WHAT IS REQUIRED
What you give back from the listing below should be an exact copy of the lines from the one with "Cyclists pedaling on" down to the one with "Bookish home decoration", and it should contain no pictures.

┌─ INPUT DATA

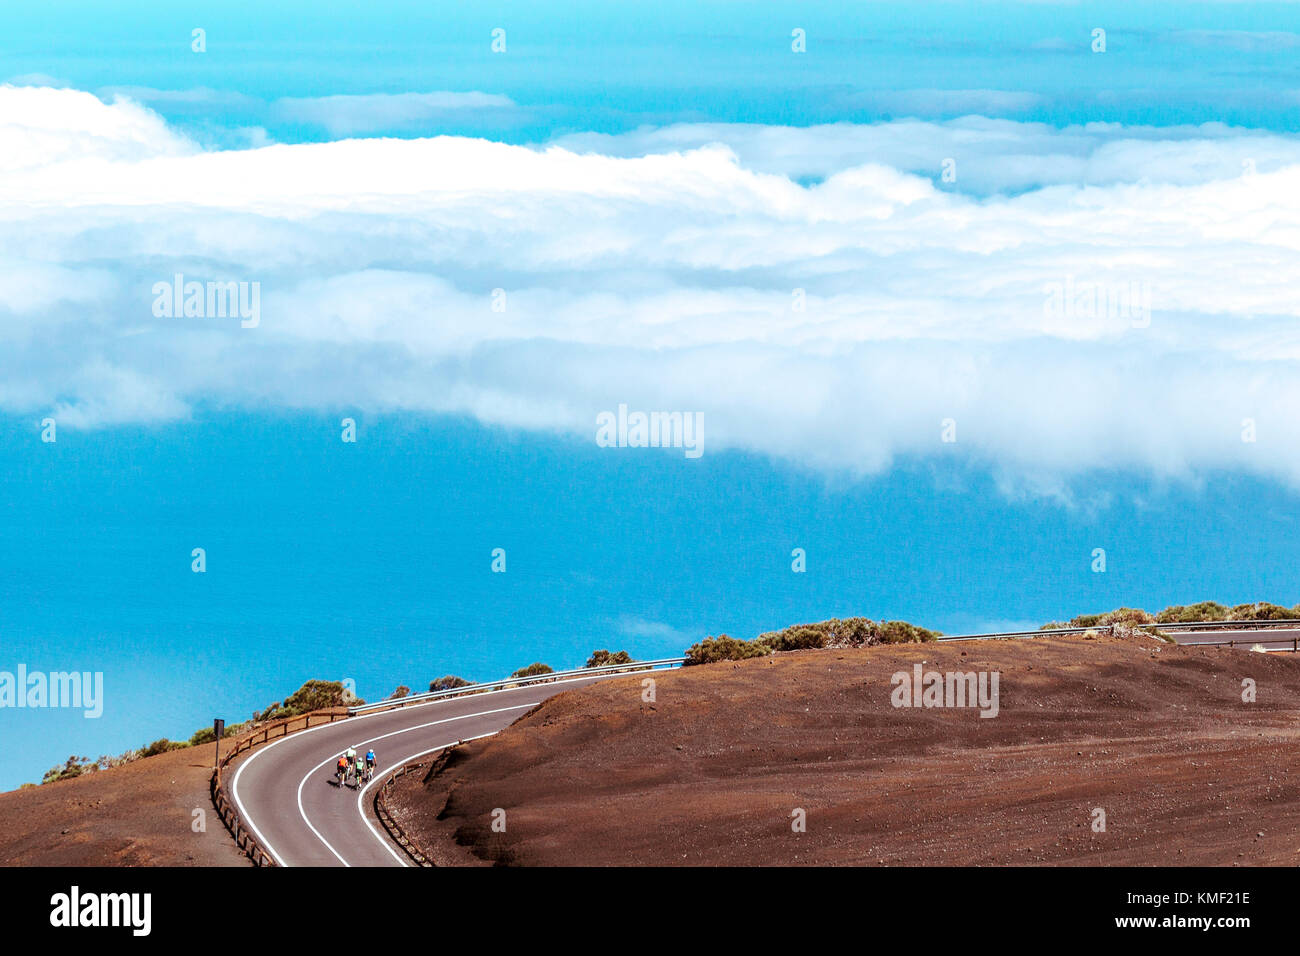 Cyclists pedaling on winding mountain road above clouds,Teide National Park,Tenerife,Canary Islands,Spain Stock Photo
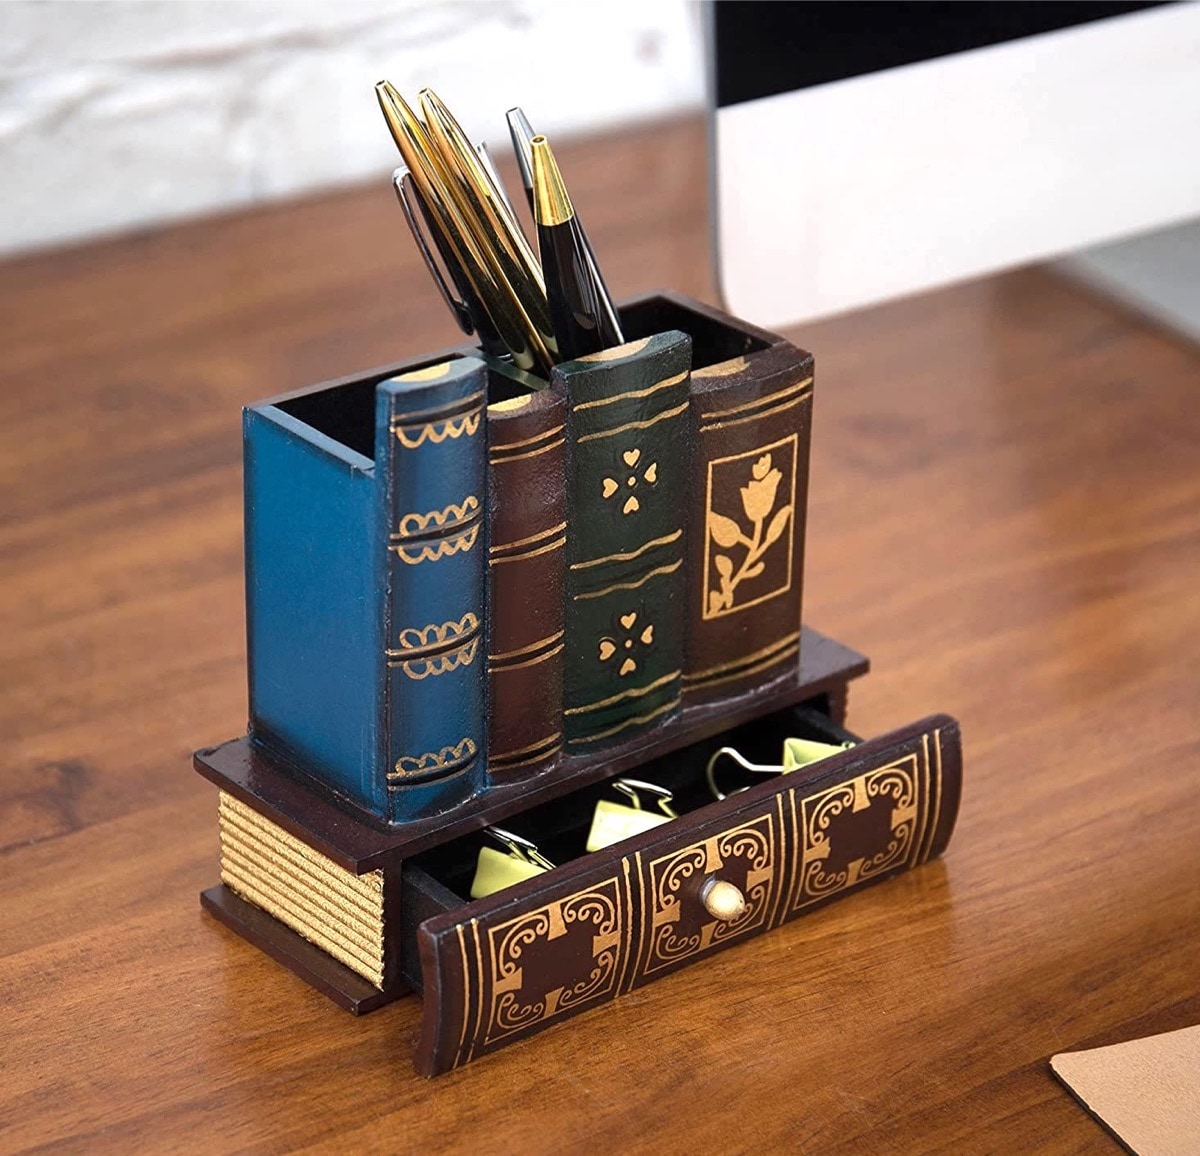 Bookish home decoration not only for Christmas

└─
┌─ INPUT DATA

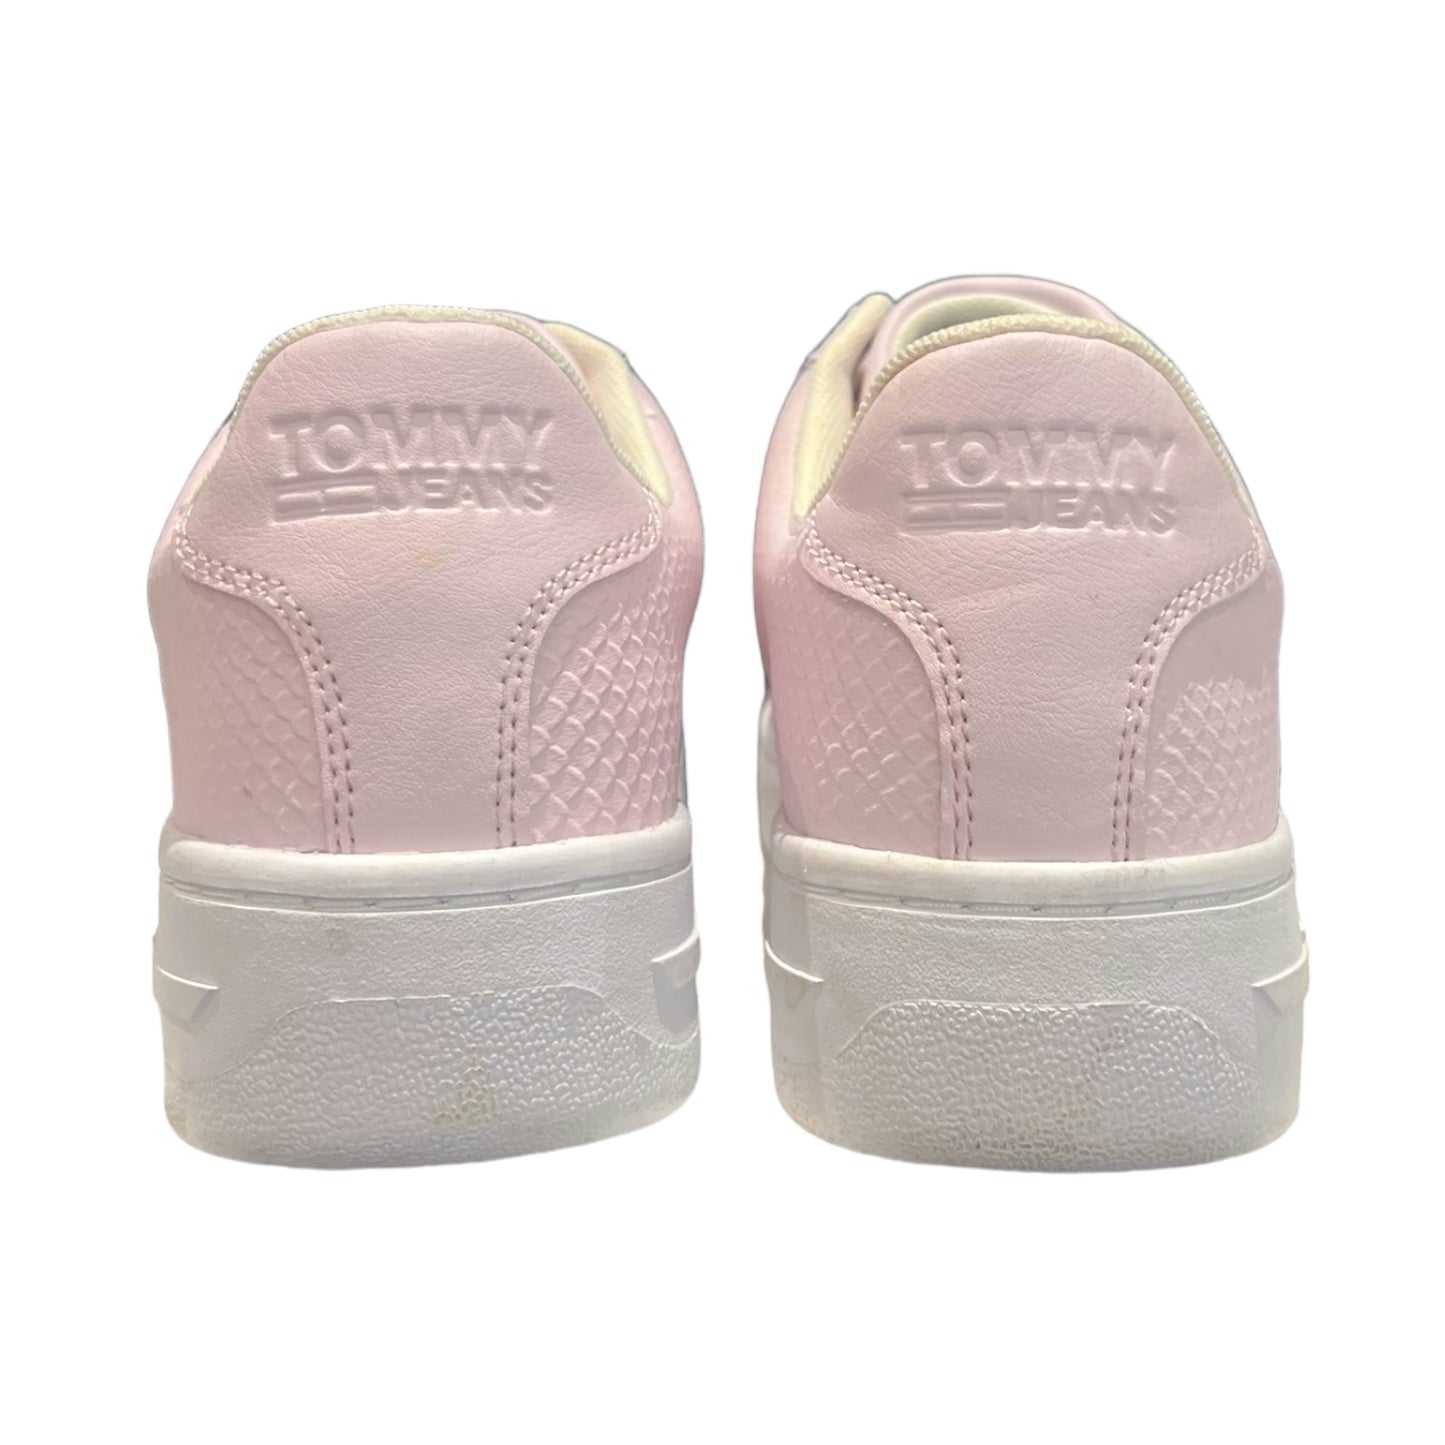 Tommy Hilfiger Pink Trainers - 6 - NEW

└─
┌─ INPUT DATA

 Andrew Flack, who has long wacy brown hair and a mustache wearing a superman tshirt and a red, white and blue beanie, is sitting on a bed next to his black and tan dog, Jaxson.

└─

COMPLETED EXERCISE
 Cyclists pedaling on winding mountain road above clouds,Teide National Park,Tenerife,Canary Islands,Spain Stock Photo
 Bookish home decoration not only for Christmas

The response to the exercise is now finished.